Между тем, в ожидании лета, когда я снова надеялся увидеться с матушкой, я должен был переменить квартиру. Это обусловливалось случайностию. В семейство, в котором я жил, приехала одна родственница, и комната, которую я занимал, понадобилась хозяевам. Я пустился на поиски себе нового жилища. Дело это, конечно, не трудное и не головоломное, но злая судьба меня подстерегала. Должно вам сказать, что в первый раз, когда я пустился на эти поиски, мне мерещилось, как бы я не попал в какое-нибудь дурное место. Я знал много рассказов о нехороших людях, нехороших обществах и боялся попасть в эти общества, частью потому, что не любил их, чувствовал к ним отвращение, частью же потому, что боялся быть обиженным. Я всегда был характера кроткого и прошу вас не судить обо мне по моей гимназической истории. Нож и меч вообще руке моей не свойственны, хотя судьба в насмешку надо мною влагала в мои руки и тот и другой. Я мог вспыхивать только на мгновение, но вообще всегда был человеком свойств самых миролюбивых, и обстоятельства моего детства и отрочества сделали меня даже меланхоликом и трусом до того, что я — поистине вам говорю — боялся даже переменить себе квартиру. Но это было необходимо: я крайне стеснял увеличившуюся семью моего хозяина до того, что он шутя сказал мне:
— Ну, дружок, Орест Маркович, воля твоя, а если честью от нас не выйдешь, я тебя с полицией вытравлю!

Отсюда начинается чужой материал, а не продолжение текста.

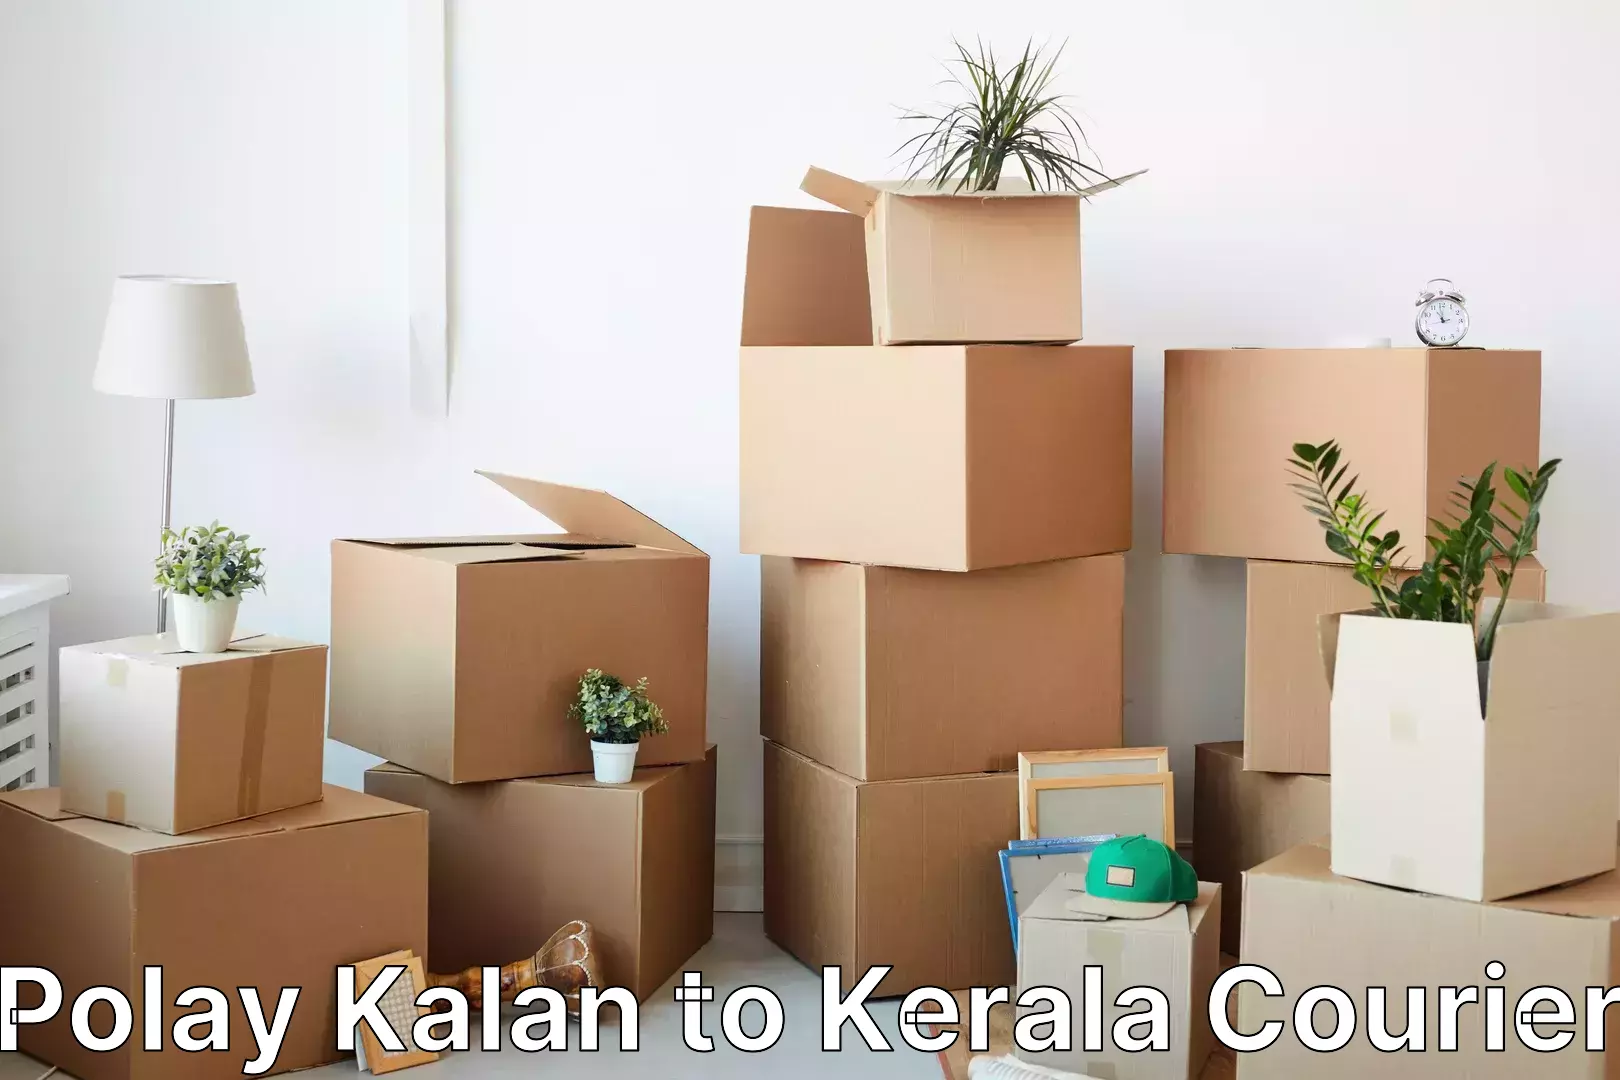 Flexible delivery schedules Polay Kalan to Kerala

Удалиться было необходимо, и я на это решился…
И вот не успел я выйти на свои поиски, как вижу, передо мною вдруг стала какая-то старушка.
— Батюшка мой, — говорит, — не квартиру ли ищешь?
«Господи, словно благодетельная волшебница, — думаю, — узнала, в чем я затрудняюсь, и стремится помочь мне».
— Да, — говорю, — вы отгадали: я ищу квартиру.
— А у нас, голубчик, тут в доме для тебя как раз есть прекрасная комната.
И с этим словом добродушная старушка взяла меня за руку и подвела меня к обитой чистою зеленою клеенкой двери, на которой была медная дощечка, в тогдашнее время составлявшая еще в Москве довольно замечательную редкость. На этой дощечке французскими литерами было написано: «Léonide Postelnikoff, Capitaine».
— Вот тут он, — говорит, — родной мой, Леонид-то Григорьевич. Он ей, Марье Григорьевне, хозяйке нашей, брат доводится. Ты звякни, он и отопрется.
И с этими словами старушка сама позвонила и добавила:
— Она теперь сама-то, Марья Григорьевна, потерямши мужа, в расстройстве, а он ее делами управляет; он и комнату сдает; с ним покалякай, и тебе здесь хорошо-прехорошо будет.
За стеной послышались шаги, щелкнула задвижка, и в дверях показался высокий человек, одетый в серый нанковый казакин. По усам, по полувоенному казакину и по всей манере в этом человеке нетрудно было узнать солдата.
— К барину они, Клим Степанович, — заговорила к нему моя старушка. — Квартиру у Марьи Григорьевны снять желают.
И, толкнув меня в спину, старушка зашлепала вниз по лестнице, а я очутился в небольшой светлой передней, в которой меня прежде всего поразила, необыкновенно изящная чистота и, так сказать, своеобразная женственность убранства. Так, в этой передней стоял мягкий диванчик, обитый светленьким ситцем; вешалки не было, но вместо нее громоздился высокий платяной шкаф, как бывает в небольших квартирах, где живут одинокие женщины. Возле шкафа, на столике, стоял поднос с графином свежей воды и двумя стаканами. На окне были два горшка гортензий и чистенькая проволочная клетка с громко трещавшею калужской канарейкой, а в углу — пяльцы.